Hans Louis Ferdinand von Löwenstein zu Löwenstein (born 9 January 1874 in Hanover – died 14 February 1959 in Zürich) was a German mining official, politician and Reichstag delegate.

Biography 
Löwenstein was born on 9 January 1874 to Otto von Loewenstein zu Loewenstein and Emma von Dehn-Rothfelser in Hanover.

The son of an officer, he attended schools in Gießen and Marburg before studying mining science at the University of Marburg and the Clausthal University of Technology.

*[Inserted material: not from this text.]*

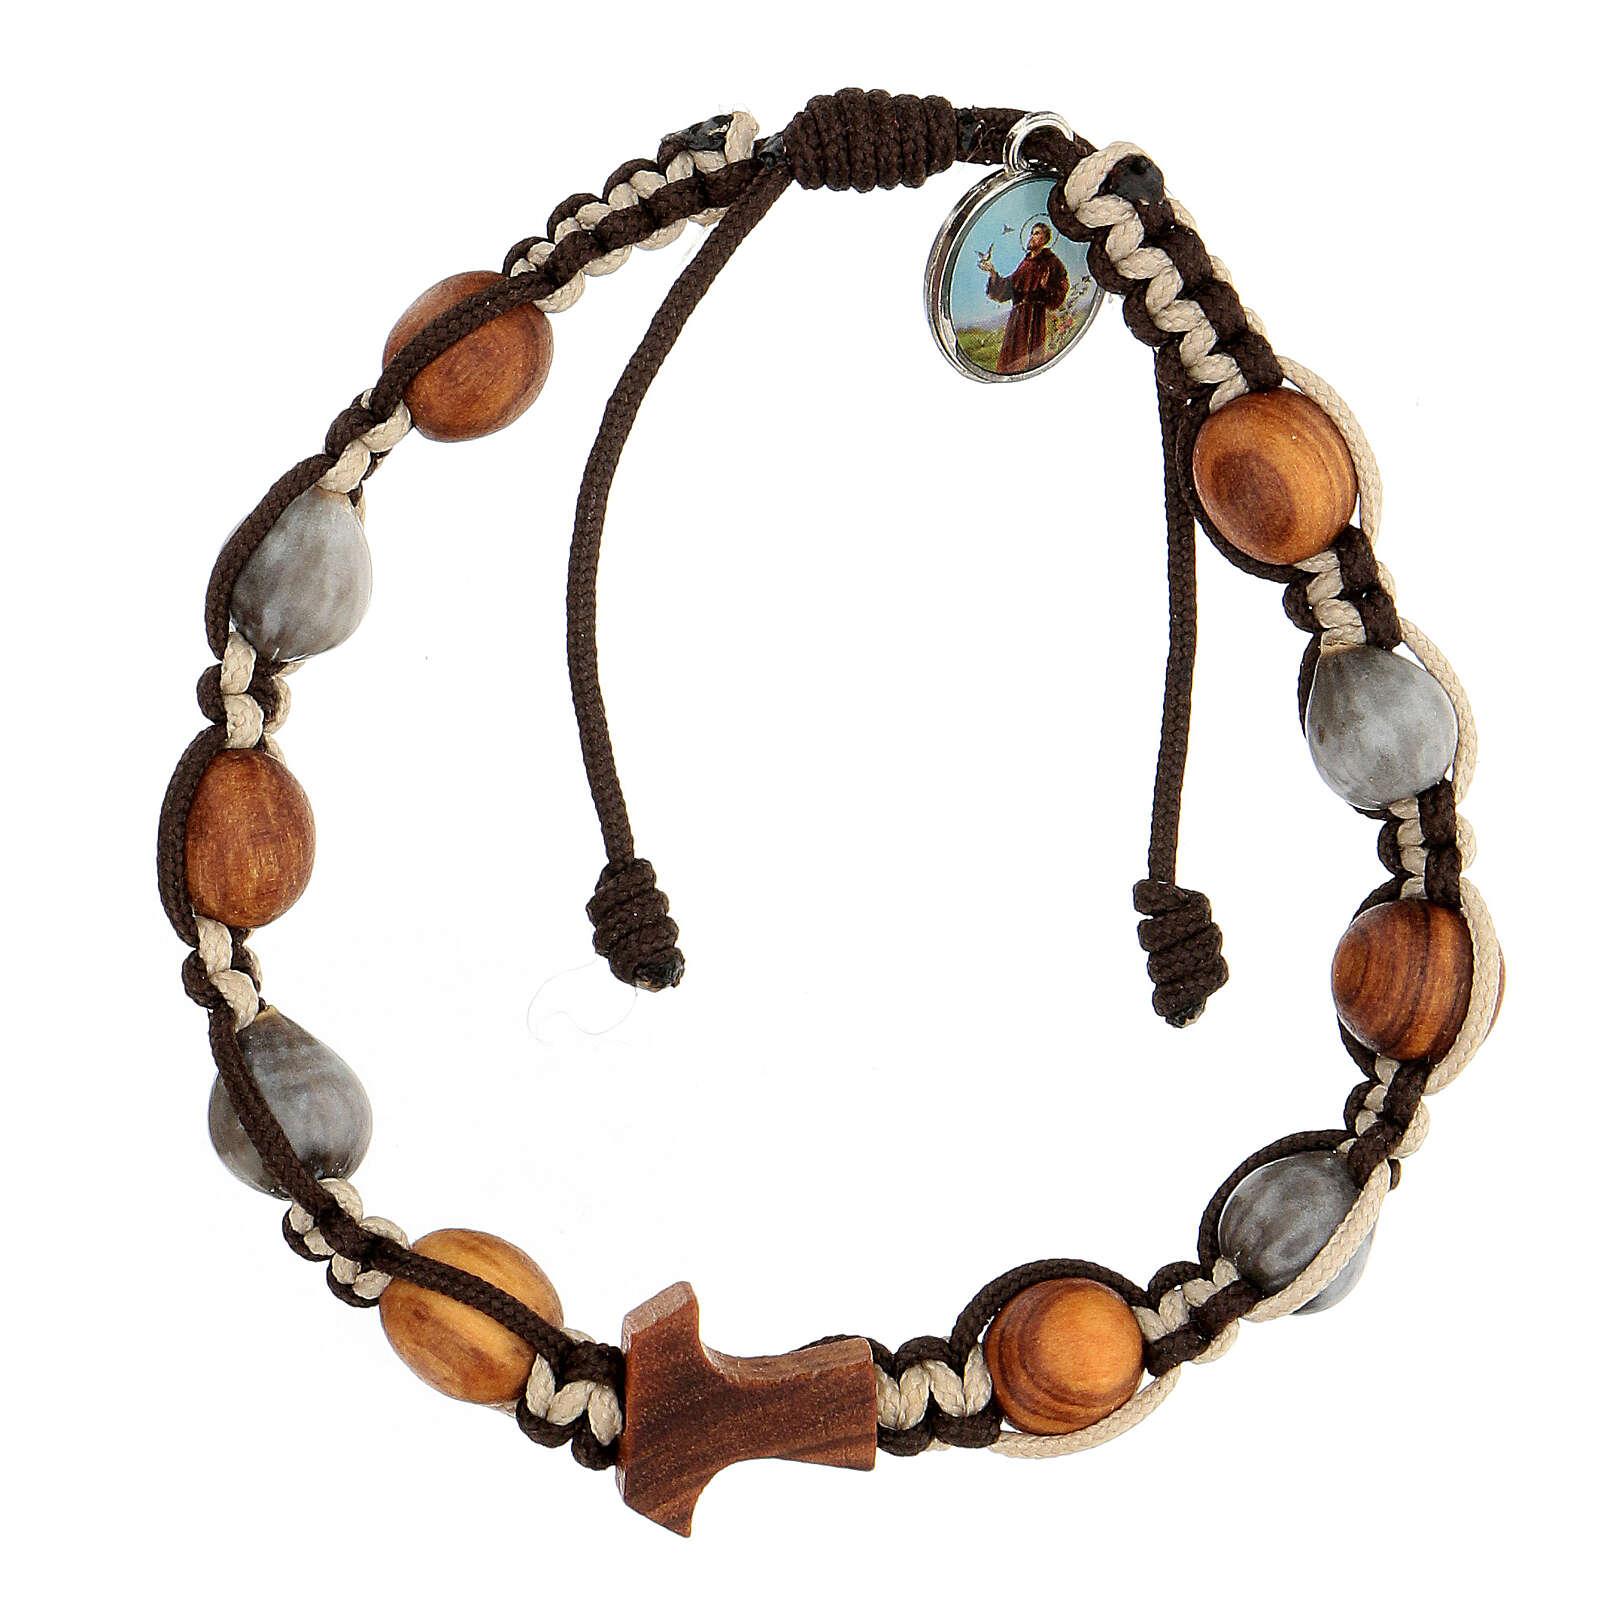 Bracelet Medjugorje grains ronds corde bicolore Larmes-de-Job 4
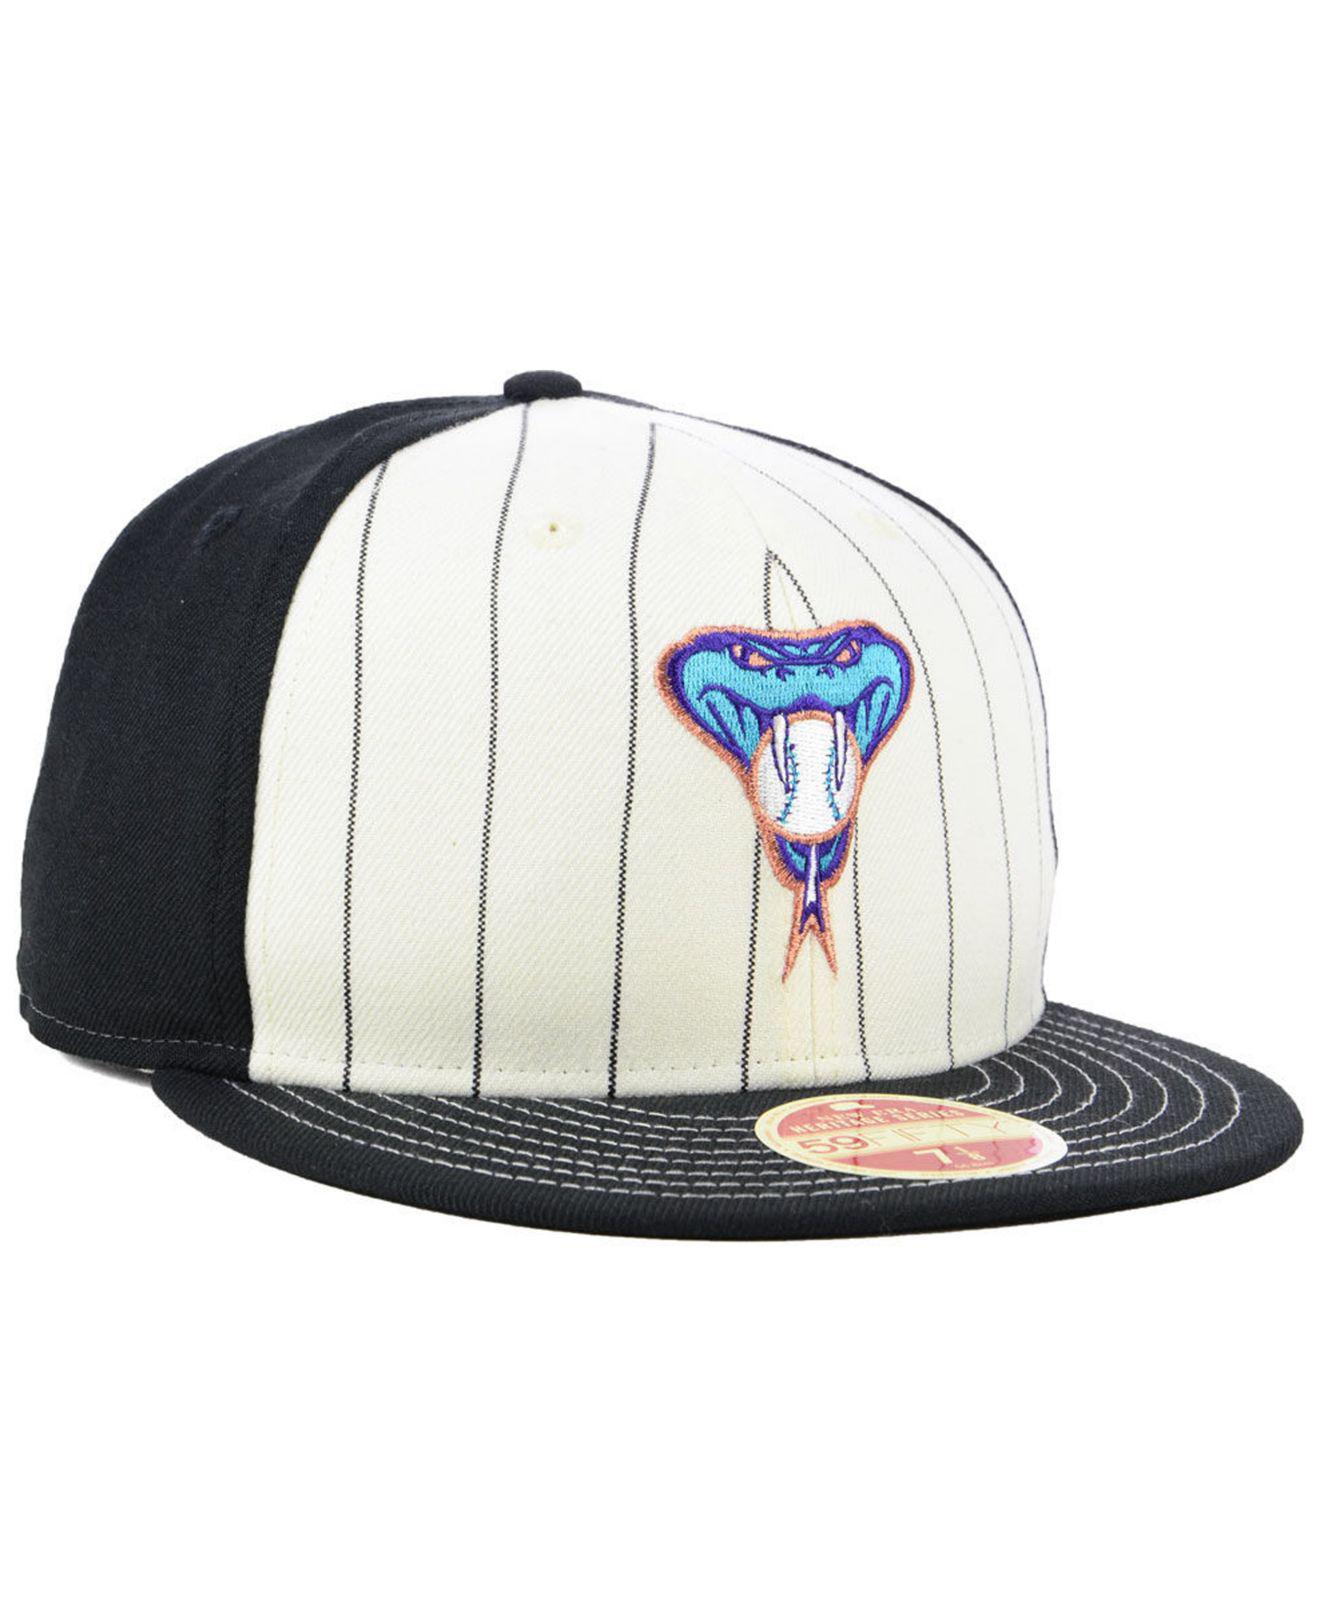 premium selection 7939c 8e090 ... cheap arizona diamondbacks vintage front 59fifty fitted cap for men lyst.  view fullscreen ee0c0 08494

He went to work as a referendary in 1897 before becoming an assessor in 1901, eventually becoming an important figure in the running of mines around Dortmund and ultimately nationally.

In 1908 he married Freda von Arnim-Suckow, a daughter of the military officer Theodor von Arnim-Suckow.

In 1919 Löwenstein joined the right-wing Wirtschaftsvereinigung zur Förderung der geistigen Wiederaufbaukräfte, a group that was absorbed into the German National People's Party (DNVP). He also participated in the Harzburg Front in 1931. In 1931 he joined Gesellschaft zum Studium des Faschismus, a group that linked conservatism in Germany with the Nazi Party. He also attended the Secret Meeting of 20 February 1933 when up to 25 figures from industry met Adolf Hitler to discuss financing the Nazis' election campaign.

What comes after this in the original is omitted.